The two diagrams below illustrate what is essentially happening behind the scenes. The first column shows the evolution of the current state of the KTable<String, Long> that is counting word occurrences for count. The second column shows the change records that result from state updates to the KTable and that are being sent to the output Kafka topic streams-wordcount-output.

 

First the text line “all streams lead to kafka” is being processed. The KTable is being built up as each new word results in a new table entry (highlighted with a green background), and a corresponding change record is sent to the downstream KStream.

When the second text line “hello kafka streams” is processed, we observe, for the first time, that existing entries in the KTable are being updated (here: for the words “kafka” and for “streams”). And again, change records are being sent to the output topic.

And so on (we skip the illustration of how the third line is being processed). This explains why the output topic has the contents we showed above, because it contains the full record of changes.

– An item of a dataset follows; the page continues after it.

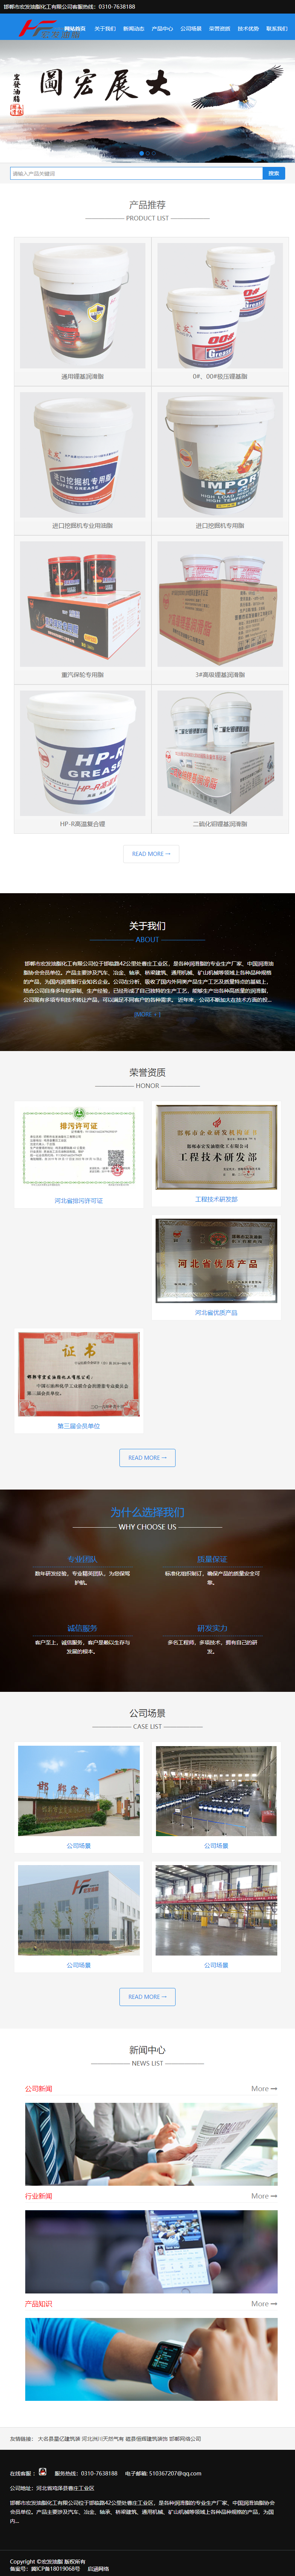 邯郸市宏发油脂化工有限公司网站案例

Looking beyond the scope of this concrete example, what Kafka Streams is doing here is to leverage the duality between a table and a changelog stream (here: table = the KTable, changelog stream = the downstream KStream): you can publish every change of the table to a stream, and if you consume the entire changelog stream from beginning to end, you can reconstruct the contents of the table.

Now you can write more input messages to the streams-file-input topic and observe additional messages added to streams-wordcount-output topic, reflecting updated word counts (e.g., using the console producer and the console consumer, as described above).

You can stop the console consumer via Ctrl-C.